I'm lying here bleeding, but you dont seem to care. Your eyes reflect nothing of the love I thought you held for me. Was it all a lie? Was it all some deluded fantasy of an addled adoescent boy? Surely it was not, surely it was love I saw in your eyes, the compassion I felt in your evey touch, surely such a thing such as that could not be faked. Yet as I sit here, your vehement words playing through my head like a sentence of condemnation being handed down upon the guilty party of criminals no remorse is shown for me. There is not a tinge of kindness, not a tinge of forced cruelty. You meant every word you said. The hate, the spite the disgust that backed each word they were not lies were they? You meant it all, and you meant for it to sting. Who would have thought you were capable of such malice, who would have thought that behind such a sweet exterior lurked such a foul and horendus creature, a beast that stomped down on the gifts laid at your feet, the gift of my heart, my soul, my love.

Vile and loathsome. Wretched and sick. Is that what you are or is that merely what you think of me? I should have known you were not capable of feeling anything for me, who would? Besides I'm sure you have plenty of women and men chasing after you, all hot for your blood possibly in more ways than one, so why would you want some pathetic lab rat like me. A killing machine, that is all I am to you isn't it? I set up the mission carefully install the parametors in which we will function, calculate a precise method of execution and make sure it is followed to the "T". I push you further, force you to compromise your morals, all for the mission. Nothing comes before a mission, nothing. And yet in my heart you have. You are the one whom I hoped to end the war for. I was not fighting for peace nescisarily, I was fighting for you. I could not stand to see the horrors of this ravaged world reflecting in your beautiful and shining eyes. I could not stand to see that shining light, that bounce in your step slowly corrupted, diluded and destroyed, that was something I could not handle. No training, no conditioning could ever prepare me for the destruction of my koi.

But what right have I to call you that? You have made it painfully clear that I mean nothing to you, that I am mere trash. I am sorry for that, the looks you casted my way, the lust I thought I saw in your eyes, I believed to be a mirror of my own, but it is clear now that though I am nothing more than the Perfect Solider, the killing machine, a lab rat I am now also something else to you. I am now nothing but a "fucking queer" to you. "You dont bend that way" as you so eloquently put it, your not a "freak of nature" but I am, I see that now.

I had hoped you would see just how hard it was for me to admit my feelings to you, to bare my heart, my last dregs of humanity to you. I placed it all in your hands hoping that my trust was not badly misplaced, but it was. Without a second thought you crushed my heart, my soul, my hard kept humainty to a bloody pulp in you palm. It was all I had left in this world. We each have something that kept us going, that kept us sane.

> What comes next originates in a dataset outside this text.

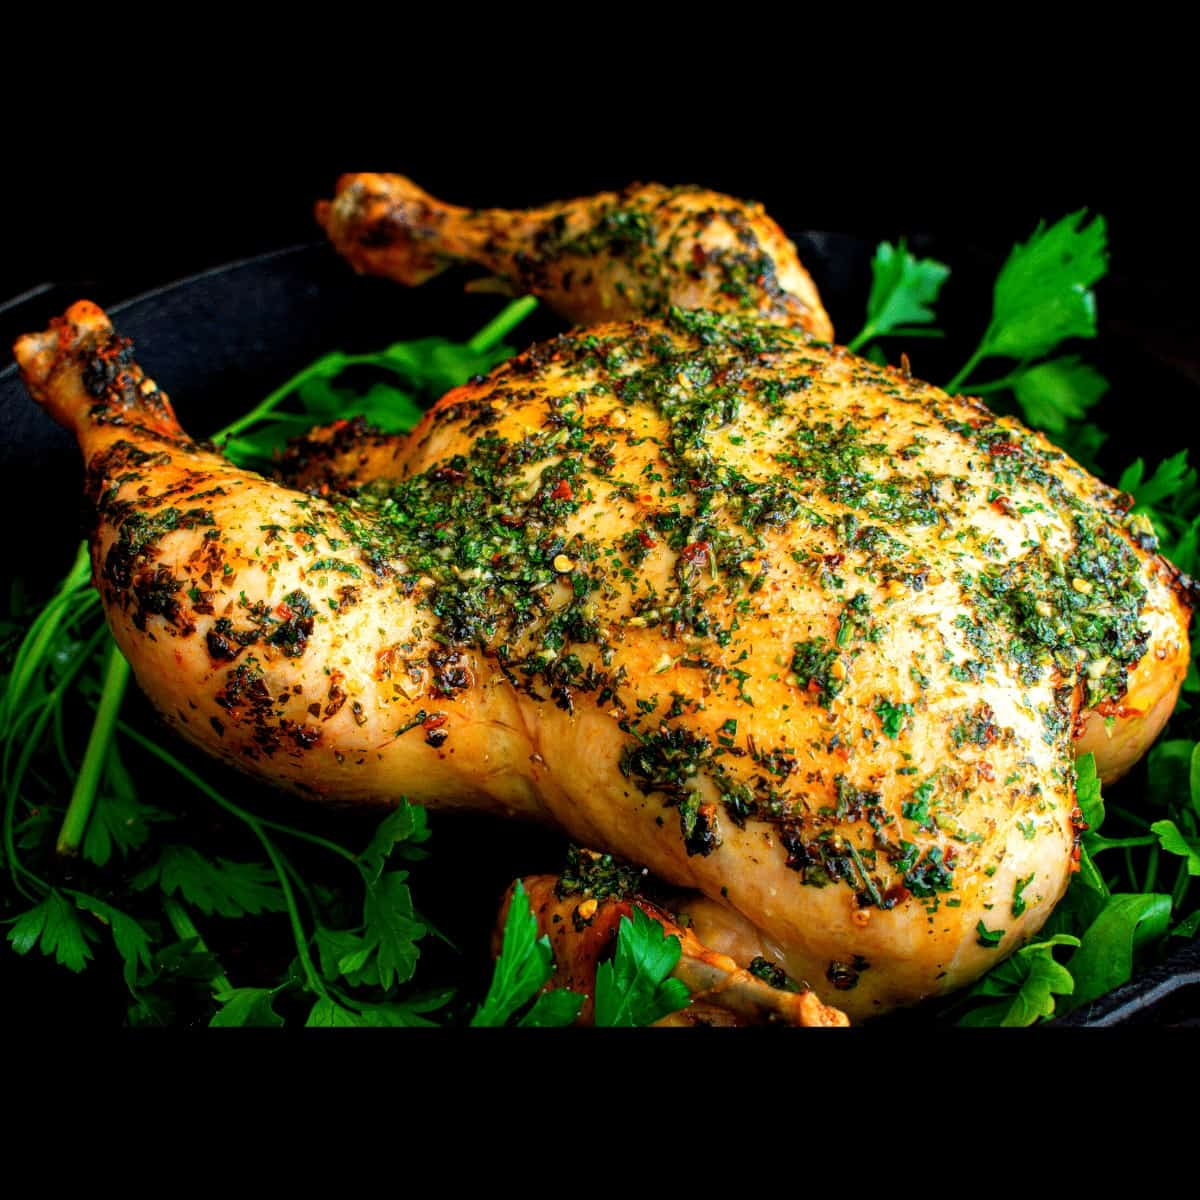 Roasted Chimichurri chicken FI

And you tore mine to pieces, allowing the wind to scatter them as it pleased, cruel laughter trickled from those beautiful lips of yours as the grief overcame me, brought tears welling in my eyes. Your cruel words mocked my now obvious emotions "Who knew the Perfect Solider could cry!" you crooned, then off you raced telling the others and laughing it up together. Did you think I could not hear you as I lay dying on the hard, cold floor that resembled my life, surounded by the remnants of my soul.

I have no doubt made a bigger fool of myself by writting this letter to you, but I no longer care. Where I am going not even your once beautiful eyes, now cruel and mocking, could ever hurt me again. I cant go back to the way things were, everything has changed. For one my humanity is gone so whats to stop me from hurting the ones I was trained to protect? Secondly, my true purpose for fighting is gone, and without a reason to fight a solider looses his will to fight or so I was trained, and you know what its very true indeed. The afore mentioned reasons are all suitable causes for my elimination however it is the third reason that I do this for. Last but not least I am doing this because I have lost your trust, your confidence, your respect. I am no longer the Perfect Solider you once respected, whom you followed into battle, trusting to lead you back out alive. Instead I am a putrid waste of flesh completely disgusting and despisable, I can not live on seeing this in your eyes day to day.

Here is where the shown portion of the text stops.